How To Use HR As A Competitive Advantage

by | April 15, 2014

Blog written by Trevor Norcross, Integrated Rewards.


I always seem to see a few articles that question the effectiveness of Human Resource functions. These articles often take the position that HR does not add value or drive business results. At the same time I see posts from HR practitioner asking how to get a seat at the table. If you have to ask for a seat at the table you have not proven your ability to operate at that level. As with any function, HR has significant business impact and can add strategic value to the business. So how do you, as a business leader, make sure your company is getting the most out of HR?

It starts at the top

First, the leadership team has to understand the value strategic HR can provide. If they do not they will likely not invest the time or resources to identify the right employees/partners to get the most out of the function. If the leadership team believes HR is an administrative compliance orientated function that is what they will hire. This is not an issue with HR as a discipline, it is an issue with the expectation.

It’s all about the workforce strategy

It’s easy to find a search firm that will find candidates, a compensation consultant to design a sales commission plan, or a trainer to deliver a training program, but if you don’t have a workforce strategy you won’t be able to take full advantage of their capabilities.
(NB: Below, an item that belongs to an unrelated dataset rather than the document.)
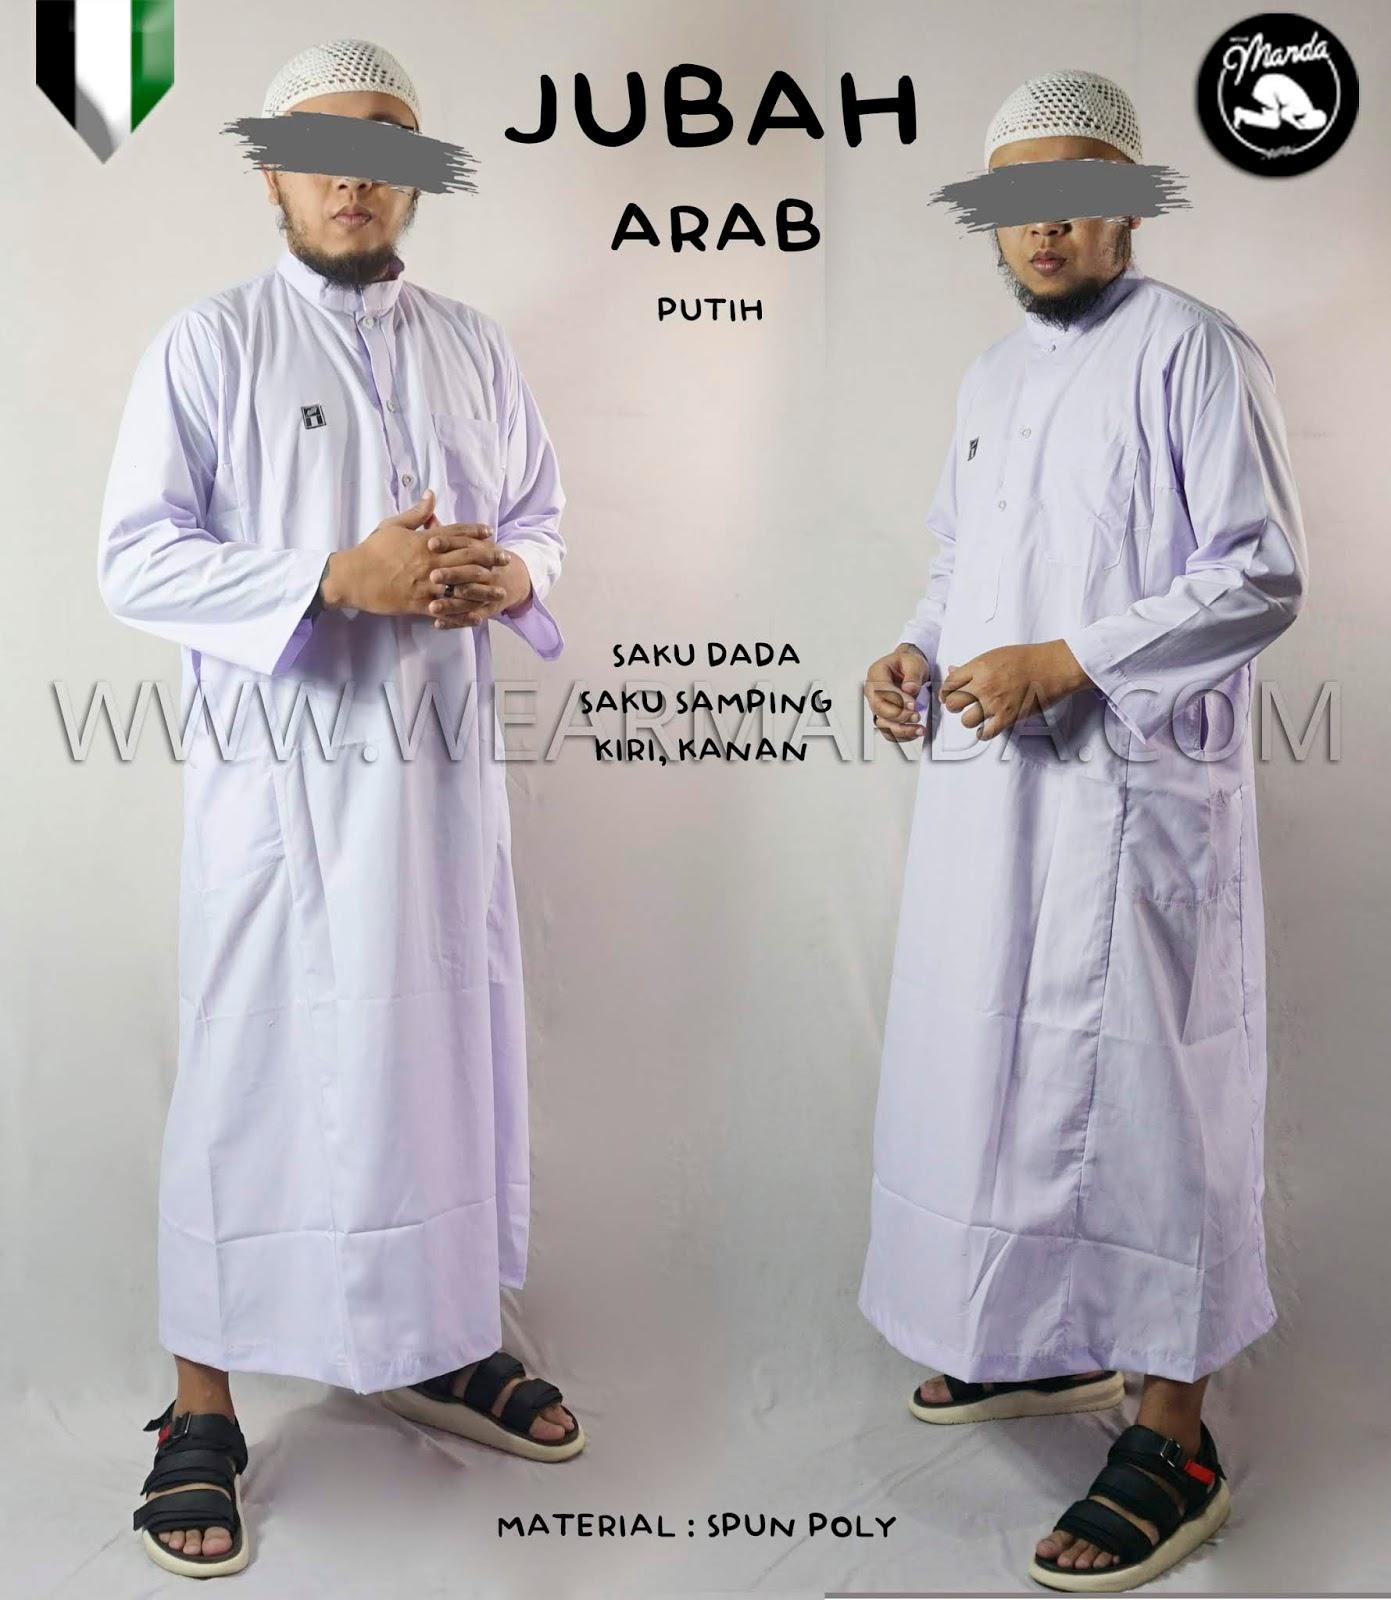 JUBAH ARAB PUTIH
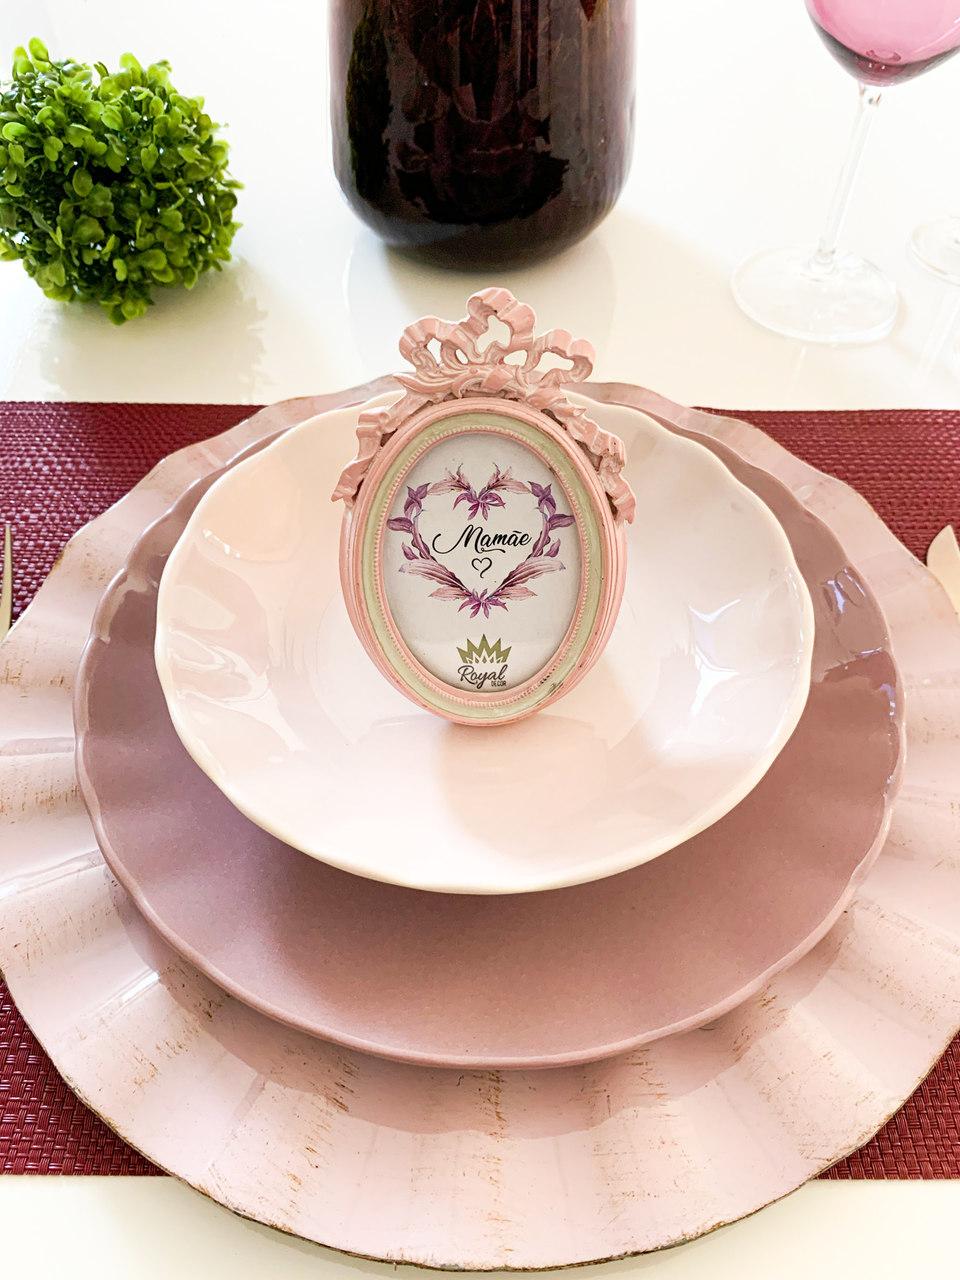 Jogo 6 pratos 20 cm fundo de cerâmica Bergama  Lilac Wolff - 17526

A workforce strategy takes into account your specific industry, business model, product lifecycle, go-to market strategy, competitive advantage and just as important your leadership, leadership style, desired culture, values, and much more. This is the best way an HR team or consultant can design and help you implement programs that will really drive the results of your company. Without this, an HR team or consultant can design and implement programs that will help but it may only get you to a 4-5 on an exponential scale to 10. Getting to a 9-10 on this scale is like Finance working with a tax consultant who identifies a tax strategy that saves you hundreds of thousands/millions of dollars because they understand your business model and financial structure. With a workforce strategy you will be hiring employees that fit your culture, are motivated by your performance management and reward programs, get the most out of your training and development approach, most importantly fit in so your company has more time to focus on its customers.

What does this look like?

If you have a workforce strategy in place your talent acquisition resource will not only know what skills you are looking for but also what type of personality is best suited to succeed in your culture. This will reduce the number of times you hire someone with the right skills but wrong fit. Having the wrong person can lead to disruption with the rest of your team and sidetrack them with interpersonal issues. If you want to build a culture that relies on teamwork and collaboration your talent acquisition resource will know not to present a candidate that operates as a “lone wolf” even if their skills are a fit.

Your total rewards team will be able to design rewards strategies and performance management programs that are aligned with and support your workforce strategy and culture. There is not one way to design rewards programs so it is very important to understand the culture you are looking to support. If you want to build a culture that relies on teamwork and collaboration you will be best served by programs that are less reliant on individual rewards and more reliant of team based rewards.

Your training and development programs can be designed to support your workforce strategy as well. This could be incorporated into the type of training by supporting team based learning with collaborative learning exercises and programs that develop these skills. In short, you can develop a holistic approach that is authentically aligned with your companies goals and culture and not just a patchwork of conflicting programs that work against each other.

Designing HR programs takes skill but it is not the difficult part. The difference between effective strategically aligned HR programs that leads to a competitive advantage and HR programs that are a patchwork of programs is whether there is a workforce strategy to align with.

What do you think? Can the biggest expense/investment in most companies be fully optimized without a workforce strategy?

About Trevor Norcross, President, Integrated Rewards Consulting Group

Trevor Norcross is founder and President of Integrated Rewards Consulting Group, providing global rewards consulting services to a wide variety of industries and non-profit organizations. He was a leading contributor for two granted patents with a third patent pending. He is passionate about the impact rewards can have on business success and believes in providing innovative solutions designed specifically for each company.